Government should move fast to bridge urban services divide

An aerial view of Nairobi's skyline showing parts of Kibera slums and Central Business District. [Davdi Njaaga, Standard]

If you live in Nairobi, you are likely to be three times wealthier than average folk residing in other parts of the country. According to the 2023 Gross County Product (GCP) report by the Kenya National Bureau of Statistics, on average, residents of Nairobi are 2.7 times better off than an average Kenyan.

Cumulatively, the report shows that Nairobi City County is contributing more to Kenya’s economy than 29 other counties combined, highlighting the fact that Kenya’s wealth is concentrated in the capital. For that, the city attracted more than half of the 1.6 million Kenyans who moved to towns across the country in 2019.

Most of those who migrated to Nairobi that year cited economic reasons as the main motivation. These are eye-opening statistics about the allure of urban life, especially coming after the world celebrated World Habitat Day on October 2, under the theme, ‘Resilient Urban Economies: Cities as Drivers of Growth and Recovery’, which provided a platform to discuss how cities can position their economies to benefit residents.

In today’s urbanised world, cities are often seen as beacons of opportunity, drawing people from rural areas with the promise of a better life. But while cities indeed offer numerous advantages, they also hide a stark reality: The urban services divide which disproportionately affects the poor.

Access to essential services such as healthcare, education, transportation, and housing remains elusive for many urban residents, exacerbating inequality and perpetuating a cycle of poverty.

Even where such services are available, they are not affordable to the urban poor, especially in big cities like Nairobi.
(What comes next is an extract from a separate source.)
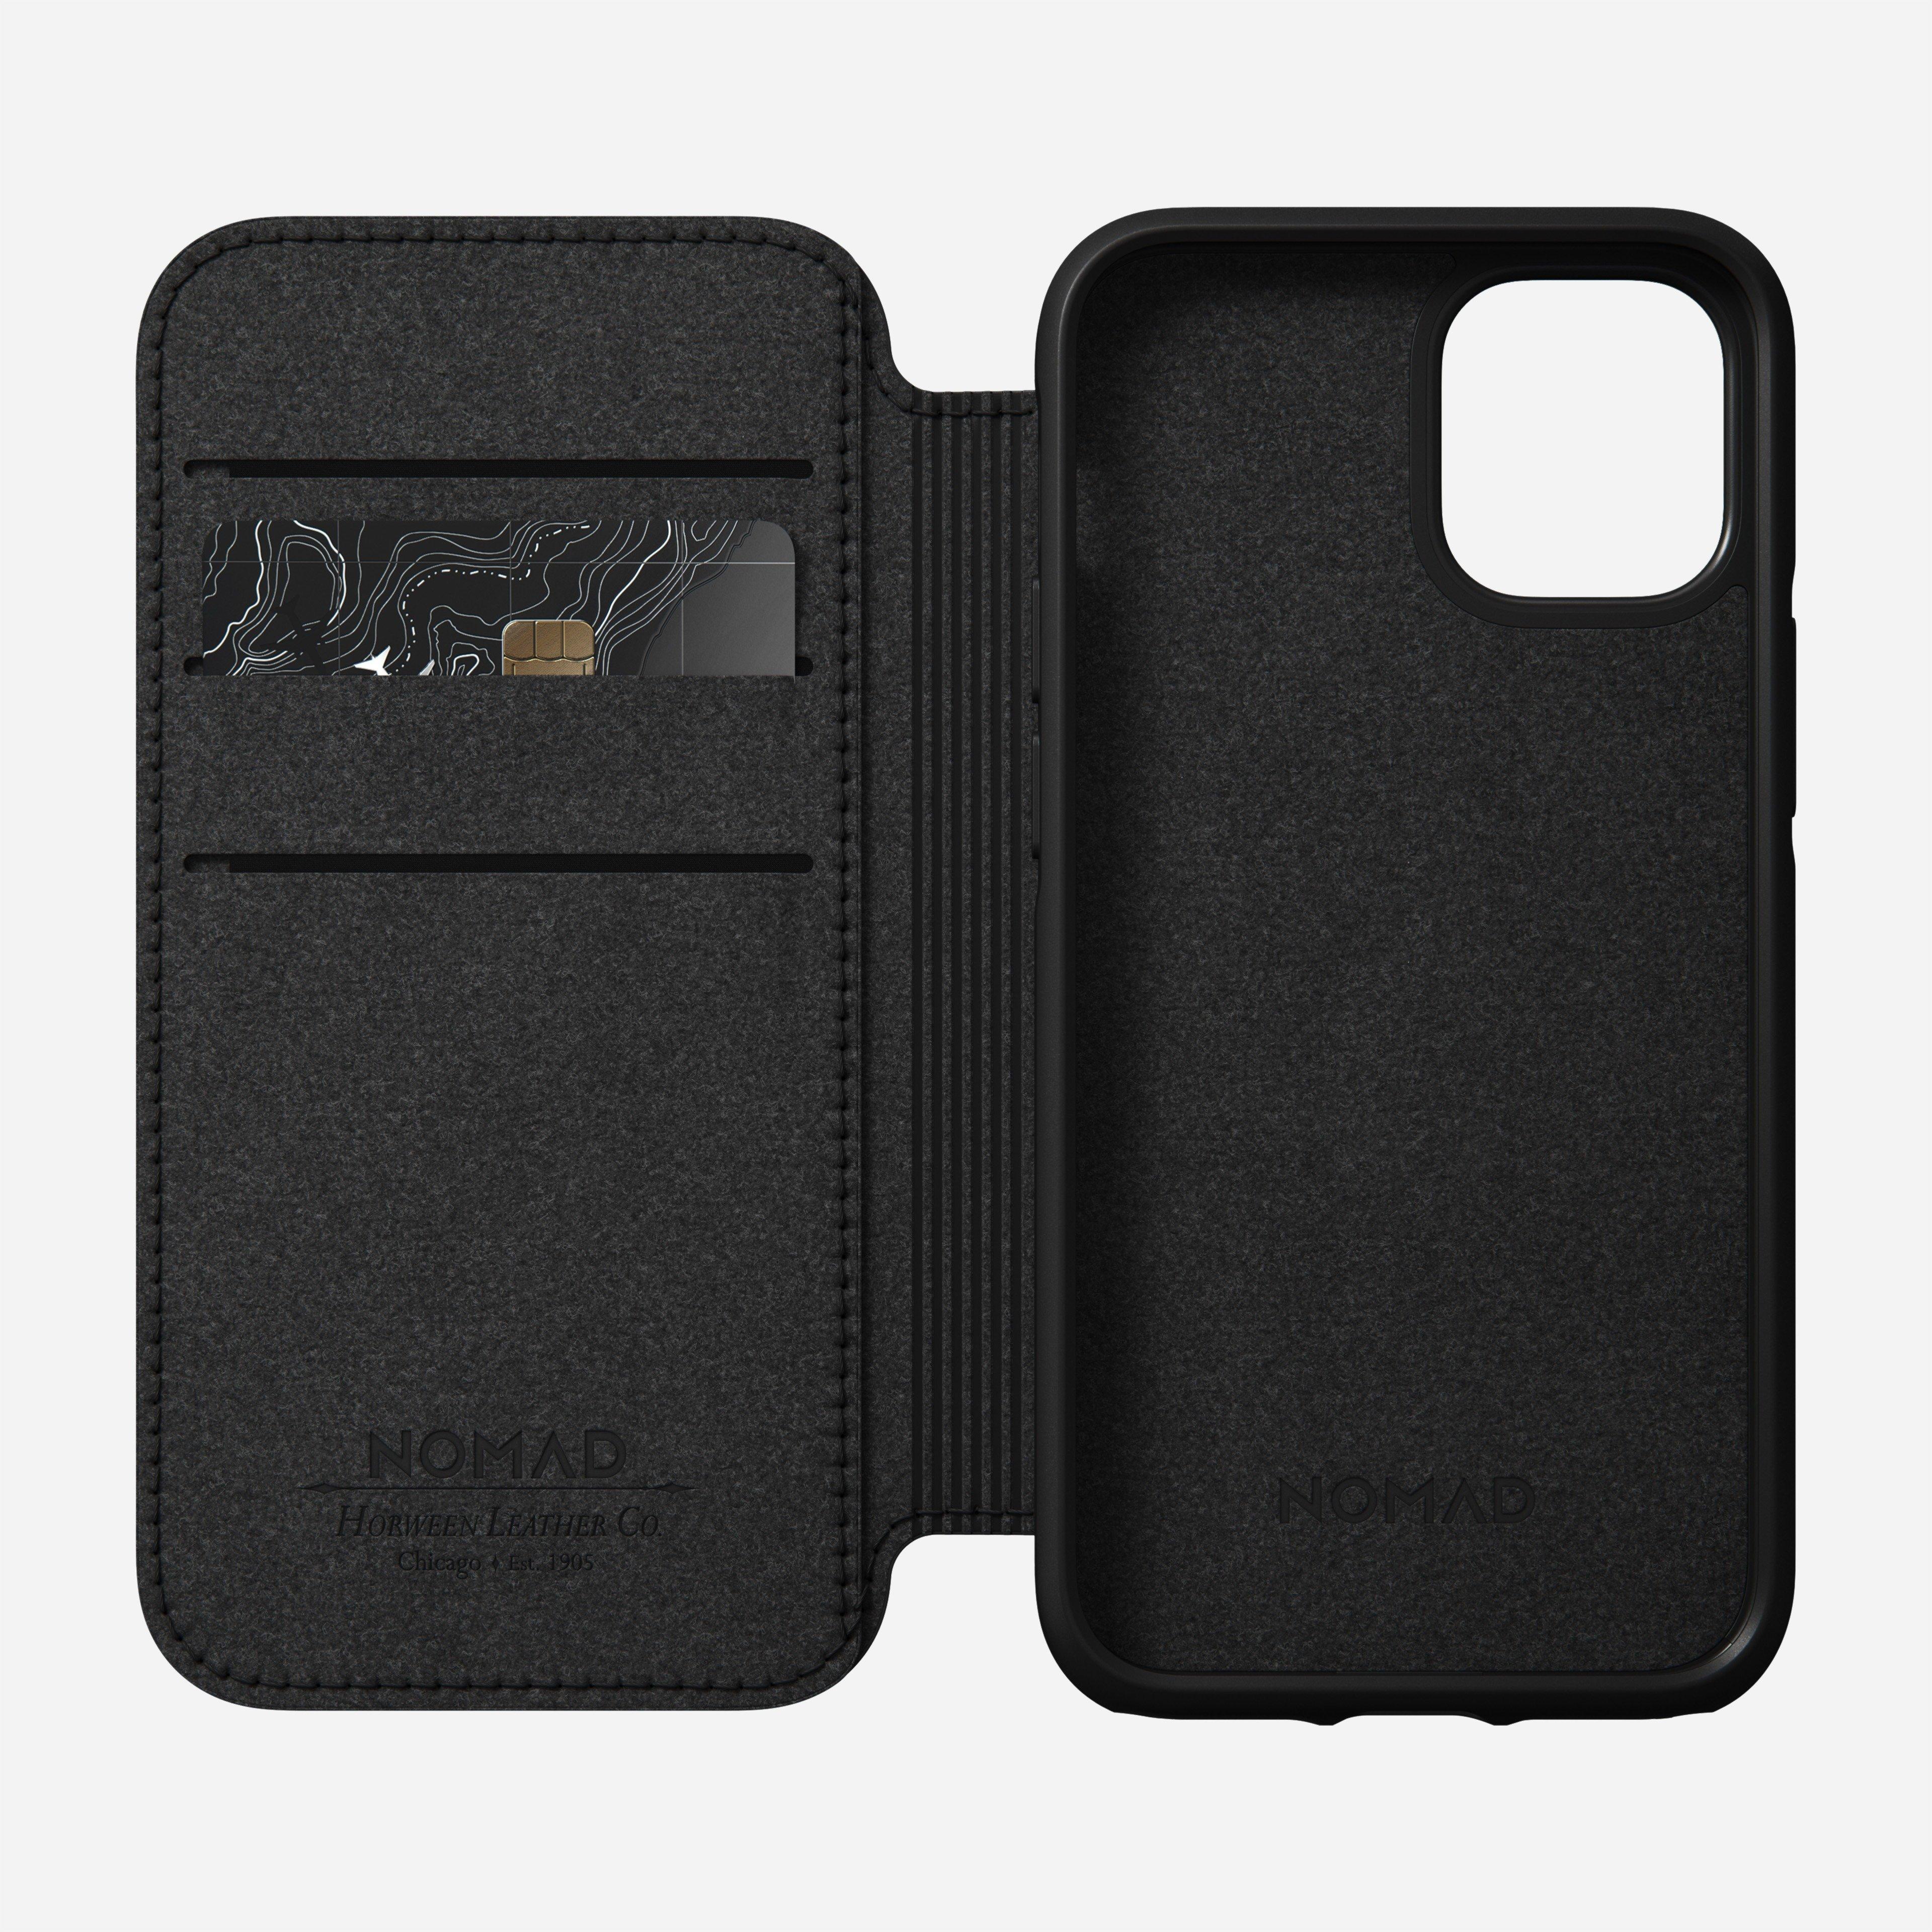 Rugged folio horween leather black iphone 12 mini

The GCP report shows that Nairobi, which controls Kenya’s manufacturing, construction and services industries, generated 27.5 per cent to the country’s gross domestic product (GDP) over the past five years, with its productivity growing by about Sh700 billion in the past two years alone.

The report also indicates that the share of wealth among Nairobi’s population – the GCP per capita – stood at Sh723,335 in 2022, against the national GDP per capita of Sh264,077. What this means is that on average, Nairobi residents are 2.7 times better off than an average Kenyan.

But all that may not mean much for most Nairobi residents who not only struggle to make ends meet but have to contend with living in squalid conditions. In most neighbourhoods, basic services such as clean water, sanitation, efficient transport system, and affordable healthcare are a major challenge for residents.

According to a UN Habitat report, without access to such services, the poor resort to self-provision using alternative arrangements, which can be exploitative and thereby aggravate their already precarious condition.

“Those who struggle to pay often spend the most for the same basic services,” says the report, noting that residents of Mukuru informal settlement in Nairobi, for instance, bear the brunt of what has come to be called the “poverty penalty”. It says residents in informal settlements pay over four times more for drinking water compared to those living in formal neighbourhoods of the city.

The trend extends to electricity and other basic goods and services. On transport, statistics show that over 60 per cent of low-income households in Nairobi, for instance, spend over 30 per cent of their income on transportation, compared to just 20 per cent for wealthier residents.

This financial strain forces families to make difficult trade-offs, often sacrificing basic necessities. Sometimes, lack of affordable public transport means city residents have to walk or commute long distances, paying multiple fares, even as they contend with Nairobi’s persistent traffic jams.

These have direct consequences on residents’ well-being. Studies have demonstrated that disparities in accessing essential infrastructure and urban services can have greater impact on lives, livelihoods and long-term prospects.

The disparity often results in poor health, inflicts environmental damage and locks people in cycles of poverty for generations. On the contrary, improving the quality, coverage, and affordability of basic services for disadvantaged neighbourhoods often results in citywide transformations.

For instance, extending piped water and sewer networks in low-income neighbourhoods improves public health, protects the environment and allows citizens to be more productive. Such transformations not only enhance equitable access to urban services but can also yield large dividends for the entire urban economy.

In its World Cities Report 2022, UN Habitat estimates that every dollar invested in developing water and sanitation infrastructure generates between $4 and $34 in benefits by improving health outcomes and boosting urban productivity.

Revitalisation of water and sanitation infrastructure in targeted neighbourhoods in Afghanistan, for instance, led to a 6.4 per cent annual increase in private investments in land, housing and real estate. That can surely happen in Kenya, too.

Having observed Urban October, which ended with the marking of World Cities Day on October 31, it’s important to focus on conversations and actions around building cities that offer equal opportunities to all residents, regardless of their socio-economic background, by bridging the urban services divide.